Before the start of the 1997–98 season, he was made squad captain at the age of 19, the youngest ever in the club's history. Despite not winning the league he captained the team to two domestic cup victories.

Lazio
In the summer of 1998, Stanković transferred for ₤24 million to Lazio, where he scored on his Serie A debut versus Piacenza on 13 September 1998. In those years, Lazio had an all-star squad with world class players at almost every position, but Stanković quickly secured a regular first-team place despite competition from Pavel Nedvěd, Juan Sebastián Verón and Roberto Mancini. He formed a formidable midfield combination with Argentinian Verón and Diego Simeone and were an integral part of the successful Lazio side at the turn of the decade. His work rate and impressive performances earned him the nickname "Il Dragone" ("The Dragon"). He had five-and-a-half successful seasons in the Biancoceleste part of Rome – winning 1999–2000 Serie A, 1999–2000 Coppa Italia, 1998 and 2000 Supercoppa Italiana, 1998–99 UEFA Cup Winners' Cup, and 1999 UEFA Super Cup – before earning a high-profile move to Inter Milan in February 2004.

Inter Milan

2004–2008
Although Lazio had suffered from financial issues since 2001 and had been forced to sell some of its best players, Stanković began the 2003–04 season at Lazio. In January 2004, Juventus were favorites in the chase for the Serb's signature with even some preliminary paperwork reportedly signed between the two parties in early January 2004, but the player eventually chose Inter Milan. He was signed as part of a deal worth €4 million, that also sent Macedonian international Goran Pandev in the opposite direction.

In early February 2004, Stanković played his debut for Inter under head coach Alberto Zaccheroni, a Serie A clash at home against Siena that ended 4–0. On 21 February 2004, he scored a spectacular goal directly from a corner kick to put Inter 1–0 up in the Derby della Madonnina versus fierce rivals Milan. Inter finished the league season in fourth place thus qualifying for Champions League. Still, Inter president Massimo Moratti was not convinced with Zaccheroni who quit at the end of the season because of a feeling of distrust; Mancini, who had been rumored, was then brought in by Moratti from the financial shipwreck at Lazio. In the summer of 2004, Stanković got reunited with another familiar face from Lazio – Siniša Mihajlović.
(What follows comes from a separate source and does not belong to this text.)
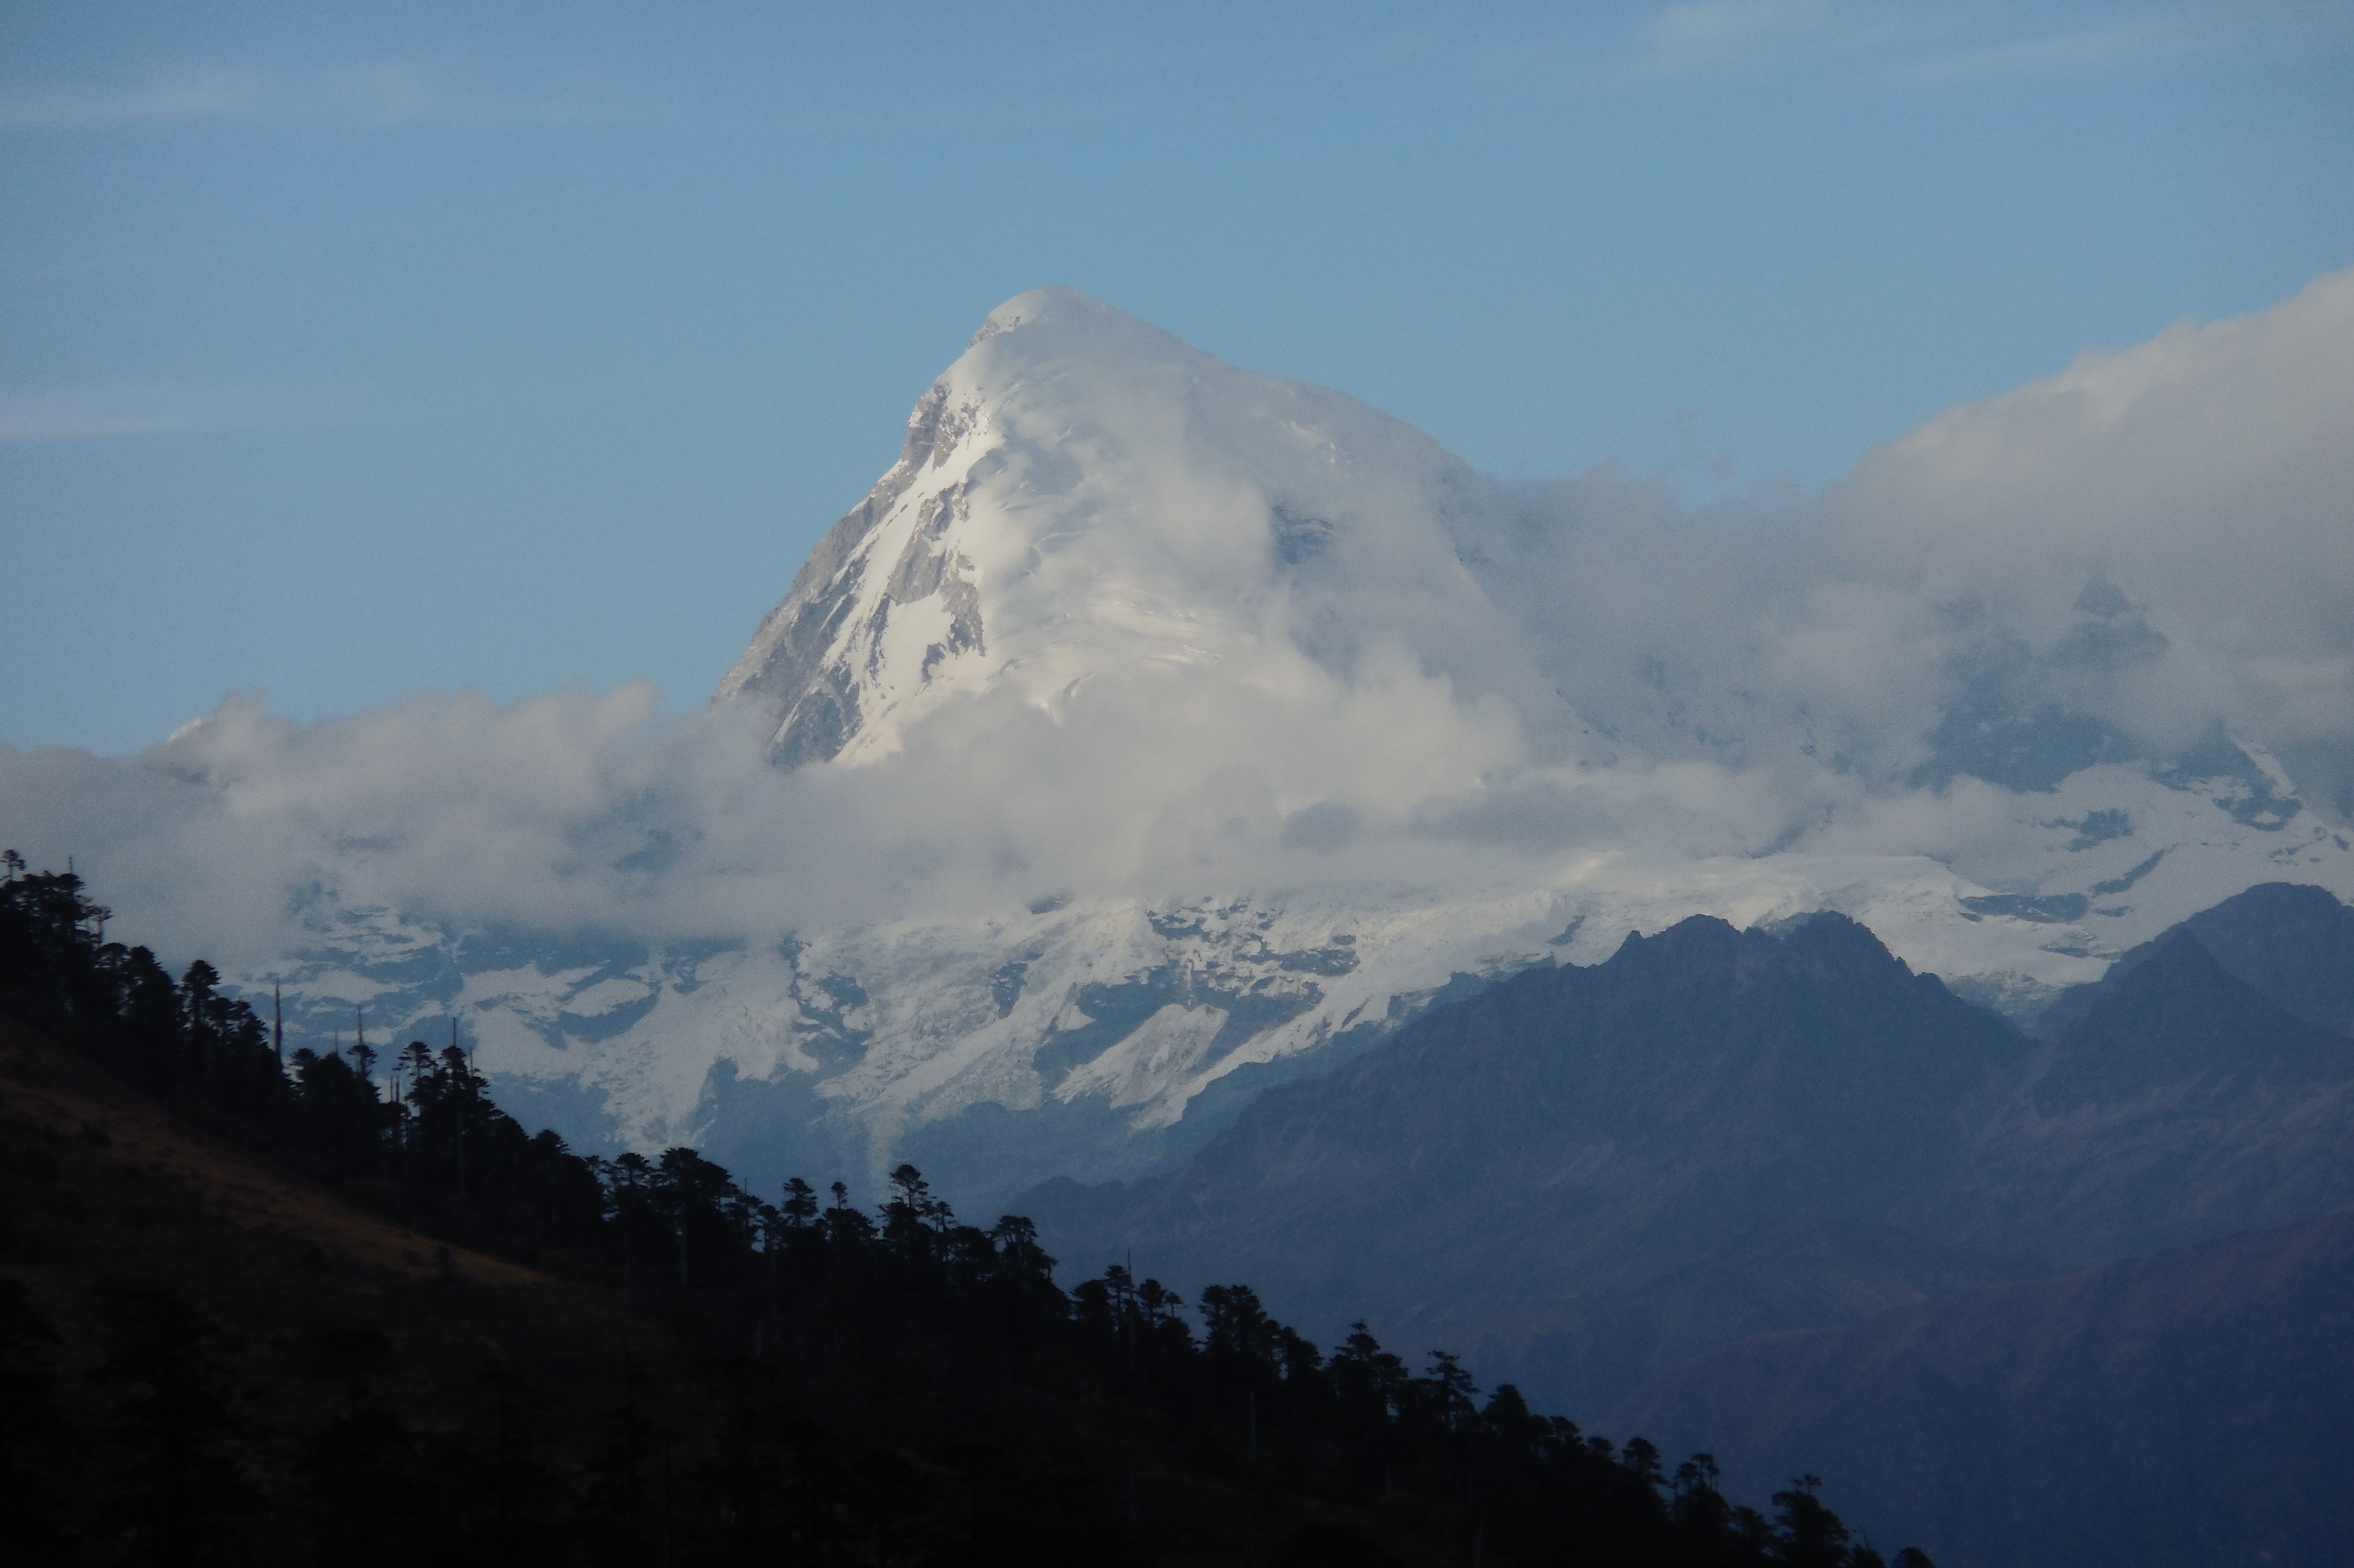 The Jomolhari Mountain (7326m)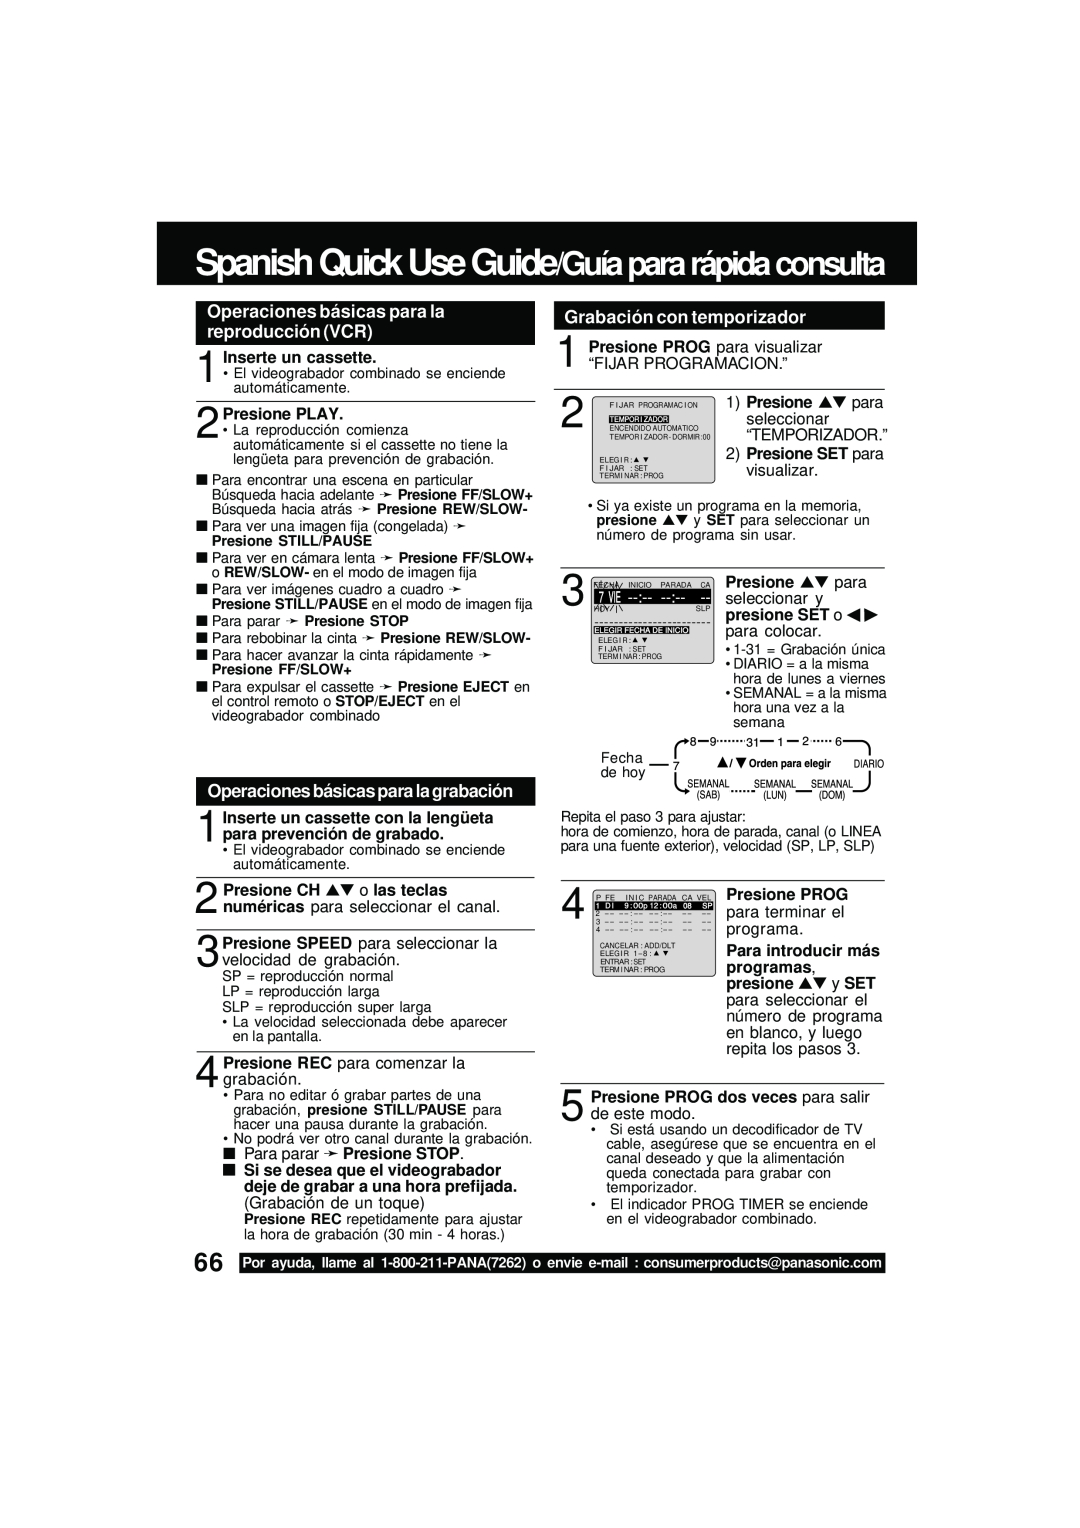 Panasonic PV DM2092 manual Spanish Quick Use Guide/Guía para rápida consulta, Operaciones básicas para la reproducción VCR

On 7 May 2006, Stanković played his 100th match for Inter. Coming off the summer appearance at the 2006 World Cup, he carried excellent form right from the start of the 2006–07 Serie A campaign, scoring some decisive goals. His double against Catania and his memorable goal against city rivals Milan only further enhanced his central role in a team that will win the league in a record-breaking season. He renewed his contract on 2 February 2007, with Inter securing his services until at least 2010.

2008–09 season
With the June 2008 arrival of José Mourinho to replace Mancini as Inter's head coach, there was much press speculation about Stanković's exit from the Nerazzuri (along with Adriano, David Suazo and Nicolás Burdisso) being imminent, due to reportedly not being held in high regard by the newly arrived Portuguese coach as well as the strong connection the Serbian midfielder had with the previous coach. Then in late June, after reports that Stanković was told by Mourinho that he would not be allowed to show up for the pre-season training in South Tyrol, and more reports on the interest of Juventus, it seemed that Stanković was definitely on his way out. The press reports of Stanković's pending arrival to Juventus, sparked the club's fans into protests and online petitions, as they would neither forgive his turning down the club back in January 2004 nor his exuberant public celebrations after the 2005–06 Serie A title that was stripped from Juventus and handed to Inter following the Calciopoli scandal. The Juve deal fell through within days for a variety of other reasons, and Stanković was suddenly reported to be happy to stay at Inter. However, the transfer talk was temporarily reignited again by Mourinho's suggestion in mid-July 2008 that "Stanković was not the same player that he was at Lazio".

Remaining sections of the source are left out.